Richard Rieser (pictured below left), UKDHM coordinator, said the “fundamental” change in the government’s disability strategy is to move from “disability as a problem in the person” to a problem in society.

He said that all major political parties are paying “lip service” to the social model of disability and that the way to change this is through “strengthening the disability movement”.

He said oppression is “deeply ingrained in our society, so when something goes wrong, like the COVID crisis, the cracks emerge and we are seen as a life that is not worth living,” which is what is in the government’s “eugenic approach” while was seen the pandemic.

He said the UNCRPD’s human rights values ​​need to be “anchored in society as a whole” and urged Labor “to take a strong position on this matter”.

He said the annual UKDHM started in 2010 because the organizations that supported it realized that the conservatively-led coalition would “take back the small gains we had made over the past few years”.

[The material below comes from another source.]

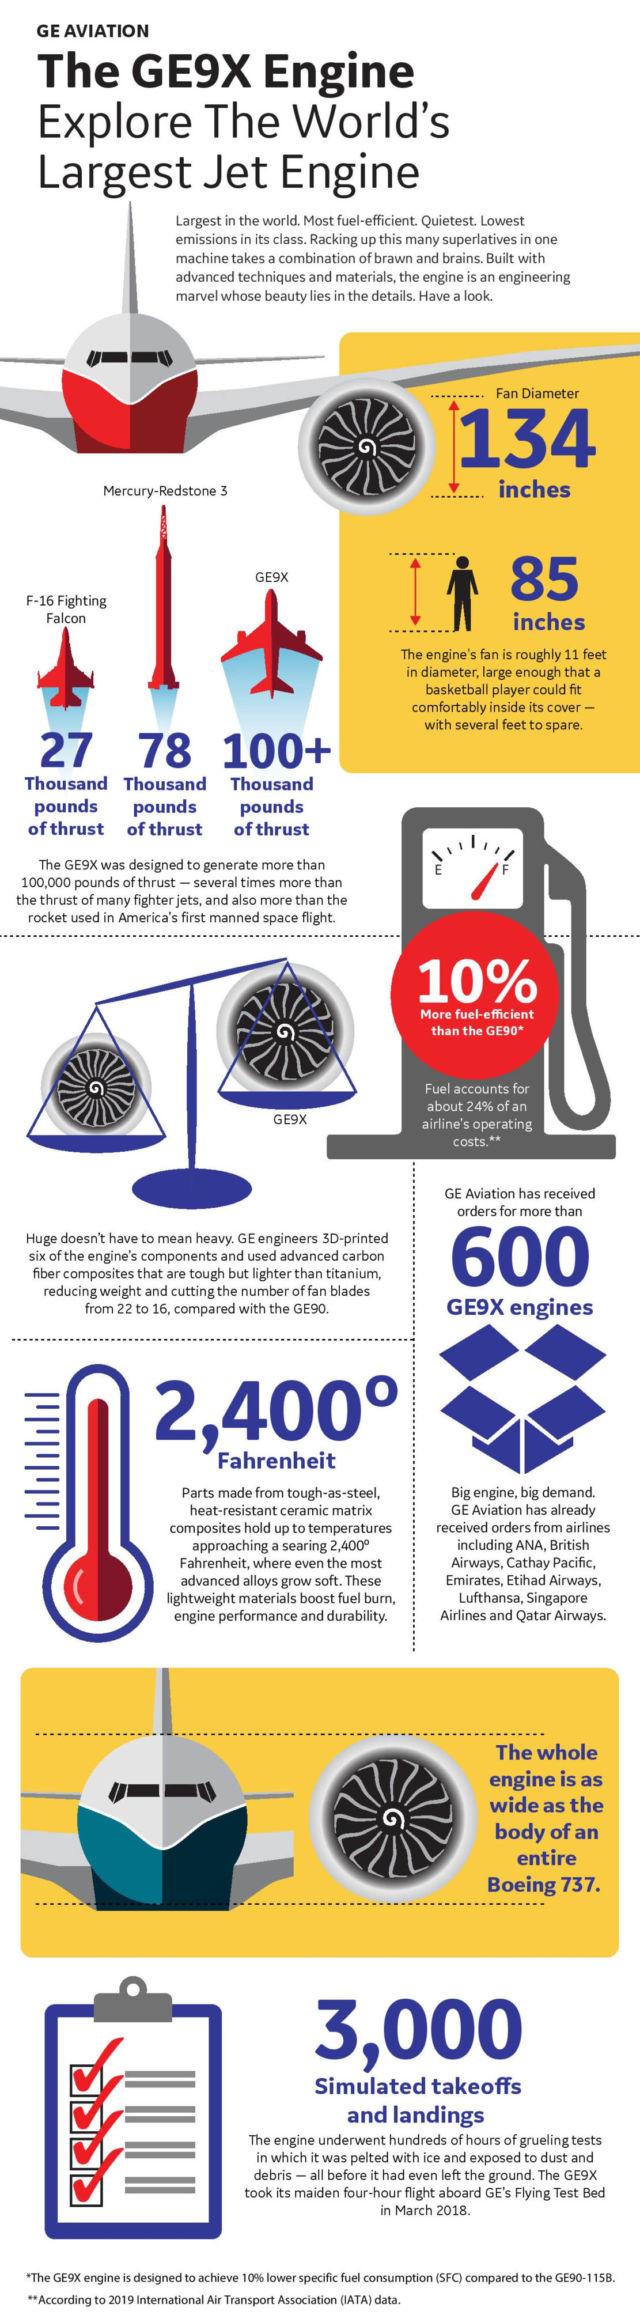 GE9X engine infographic

He pointed out that the Disability Discrimination Act (DDA), which celebrated its 25th anniversary last month, was called a “leaky sieve rather than a civil rights law” at the time.

He said it was clear that the Equal Opportunities Act, which included some but not all of the DDA and subsequent legal improvements to the original act, needed further development.

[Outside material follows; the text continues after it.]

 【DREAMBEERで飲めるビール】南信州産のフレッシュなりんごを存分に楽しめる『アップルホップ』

And he pointed out that more than four years ago a House of Lords committee recommended 55 improvements to the impact of the Equality Act on Disabled People that Labor should be considering.

Fazilet Hadi, policy director for Disability Rights UK (DR UK), said it was important that the strategy was not just a series of “incremental optimizations” or existing departmental guidelines that the government would “repackage as a strategy for the disabled.” .

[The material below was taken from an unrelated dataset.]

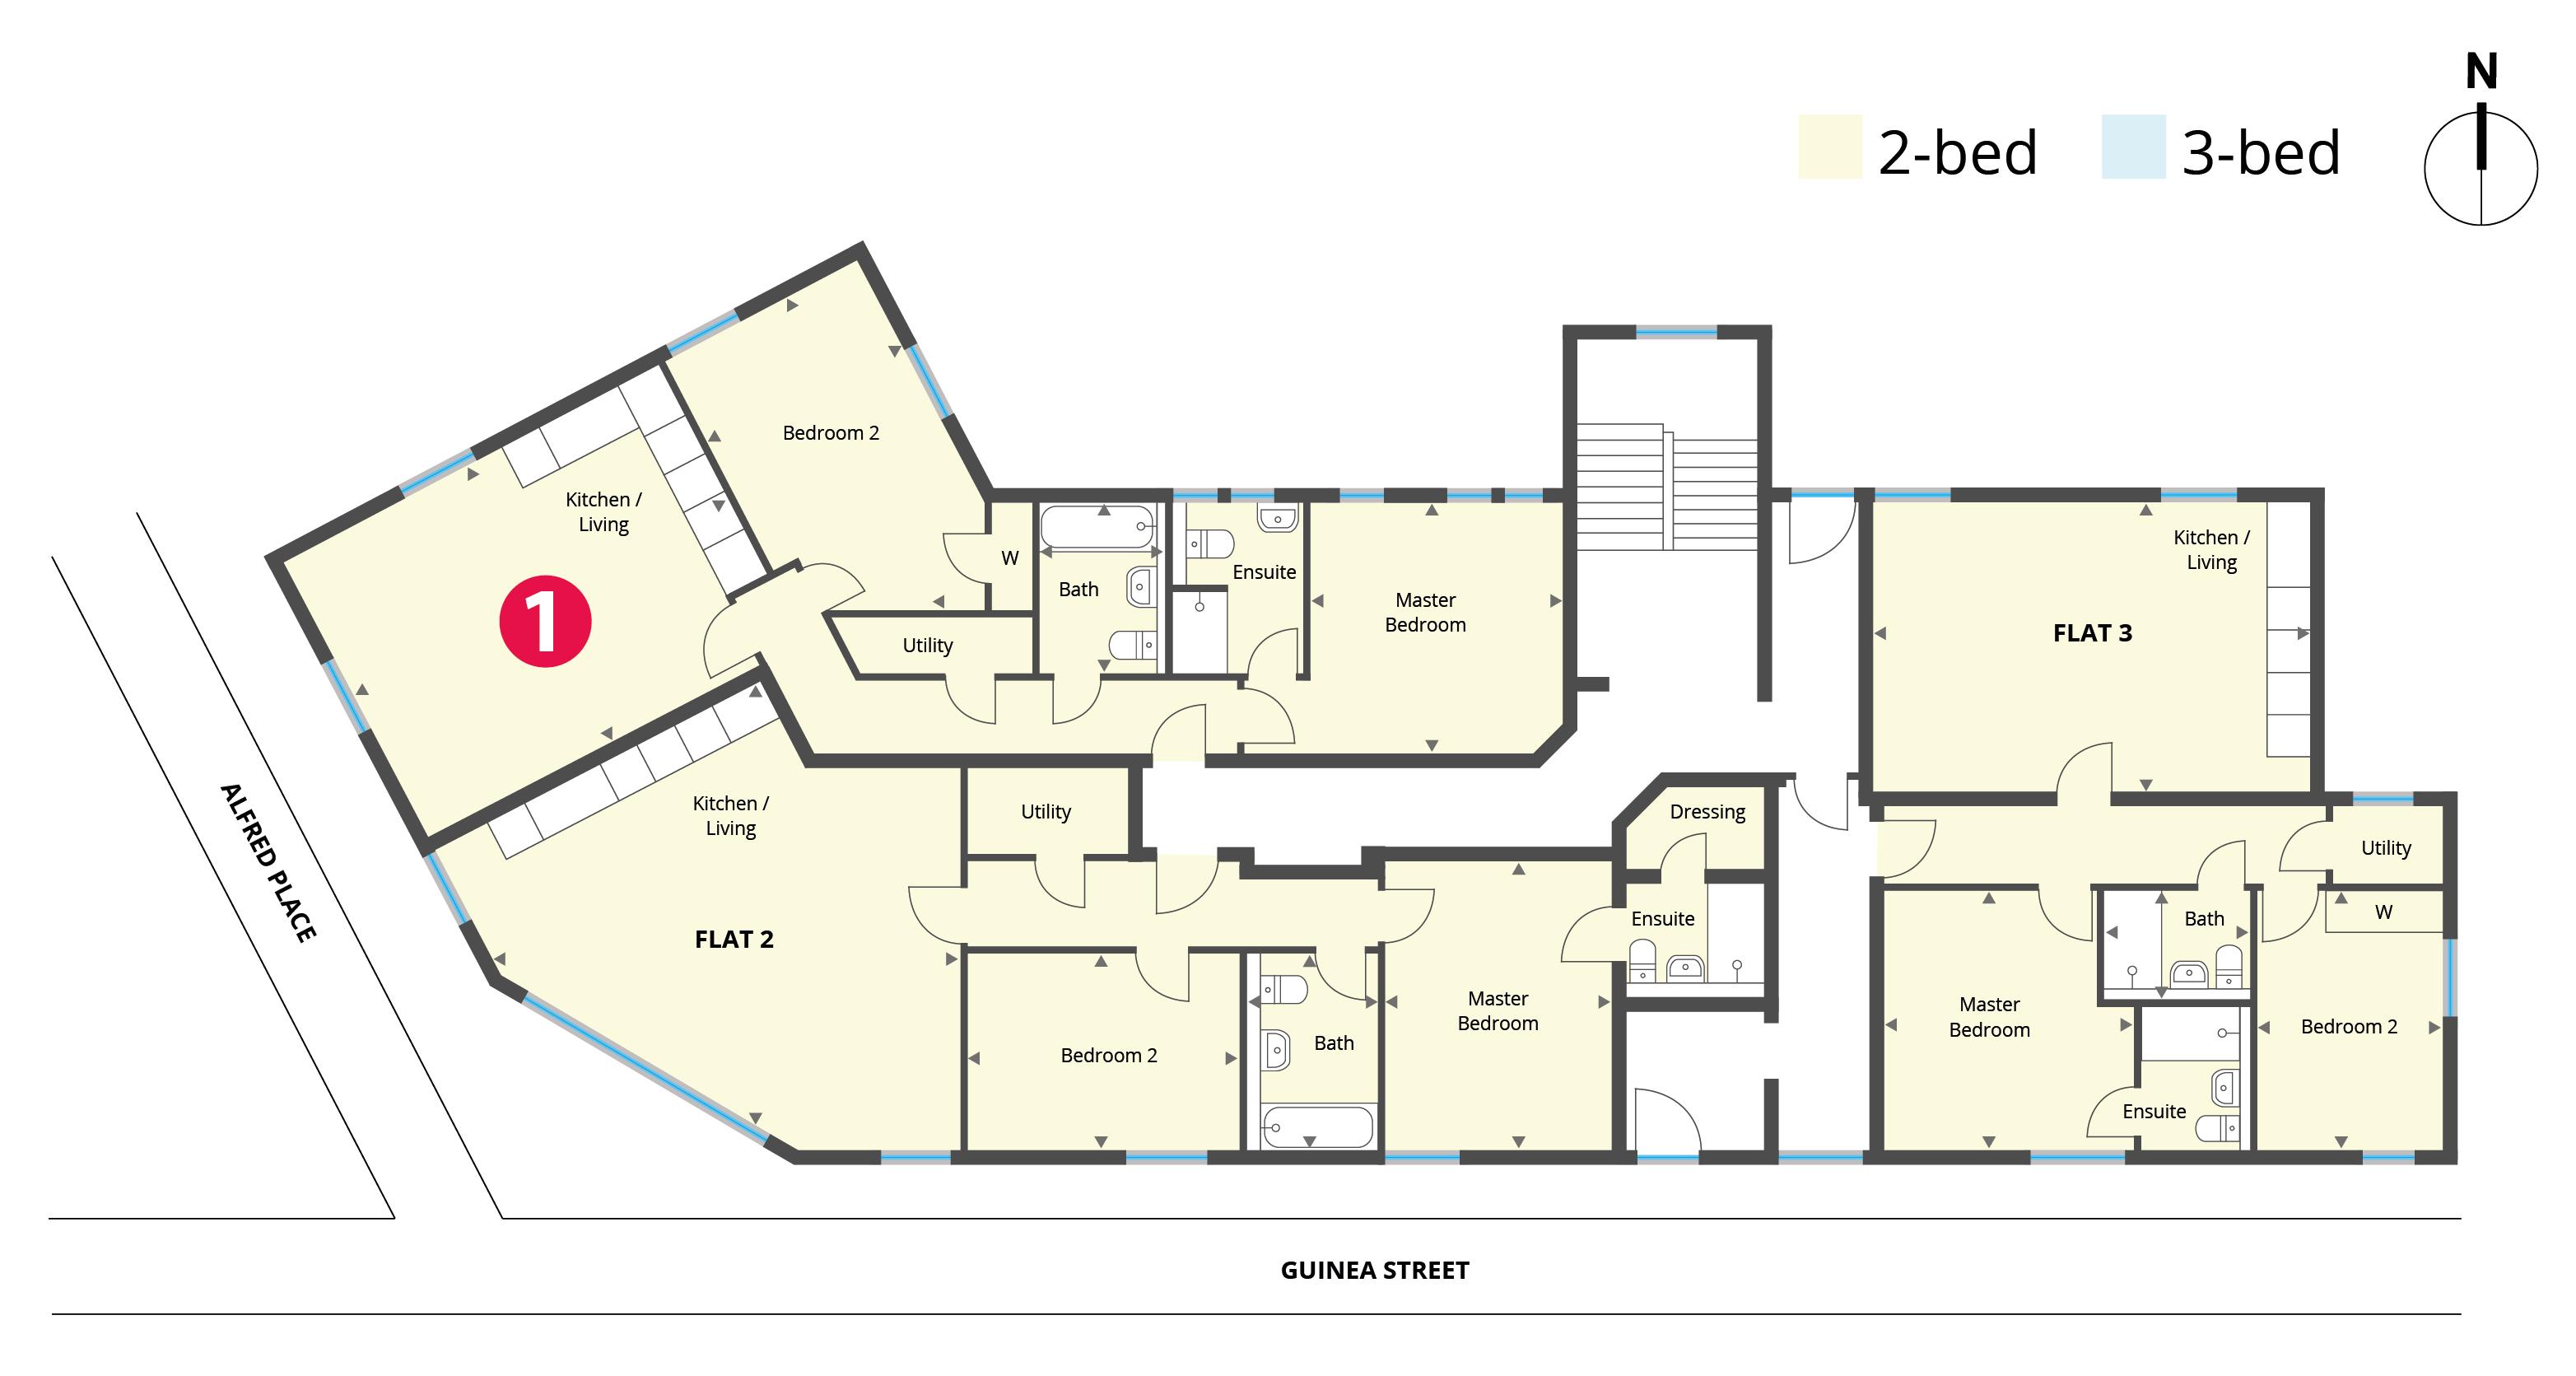 Floorplan for Flat 1

She said, “I want it to take us to the next stage of our journey to an inclusive society for disabled people that we really belong to.”

She said the pandemic “put the spotlight on the inequalities we still face as disabled people” and gave the government “some really obvious clues about what needs to be changed”.

She said an engagement exercise by DR UK spawned a number of demands from disabled people, including stricter anti-discrimination legislation, funding for disabled people’s organizations (DPOs), proper co-production and engagement for disabled people, a new social security system that really gives us empowerment “Choice, Control and Connection” and a social security system that “enables us to thrive rather than punish”.

Svetlana Kotova (bottom right), Head of Campaigns and Justice at Inclusion London, said the disability strategy was needed to bring about “radical reform” and not just “tinker with the margins”.

She said there must be reforms to ensure that the equality law “works for us and that the enforcement burden is shifted from us as disabled people to regulators and public bodies”.

She said there must be a social security system that “recognizes the right to a decent standard of living and does not subject us as disabled people to a regime of punitive conditionality.”

Kotova also called for investment in data protection officers and “a radical reform of mental health and mental capacity laws so that people with mental health problems are not exposed to serious human rights abuses when they need assistance most”.

She advocated the introduction of a National Independent Living Support Service and a legal right to independent living in place of the current “oppressive, severely underfunded system” in which “a lot of money is wasted on helping institutions where people are at greater risk of abuse and their lives are at greater risk, as we saw with the COVID pandemic. “

Speaking to the meeting, Marsha de Cordova, a disabled MP and shadow minister for women and equality from Labor, said: “What is needed is a human rights response and approach.

“The benchmark for this must be the UNCRPD. The government claims it has a national disability strategy. To measure whether this is good enough, the standards and requirements set out in the UNCRPD must be met.

“I don’t have much hope and so Labor must lead the way.”

She said COVID-19 had “exposed and shed light on” the injustices, inequalities and hostilities that people with disabilities have faced in recent years.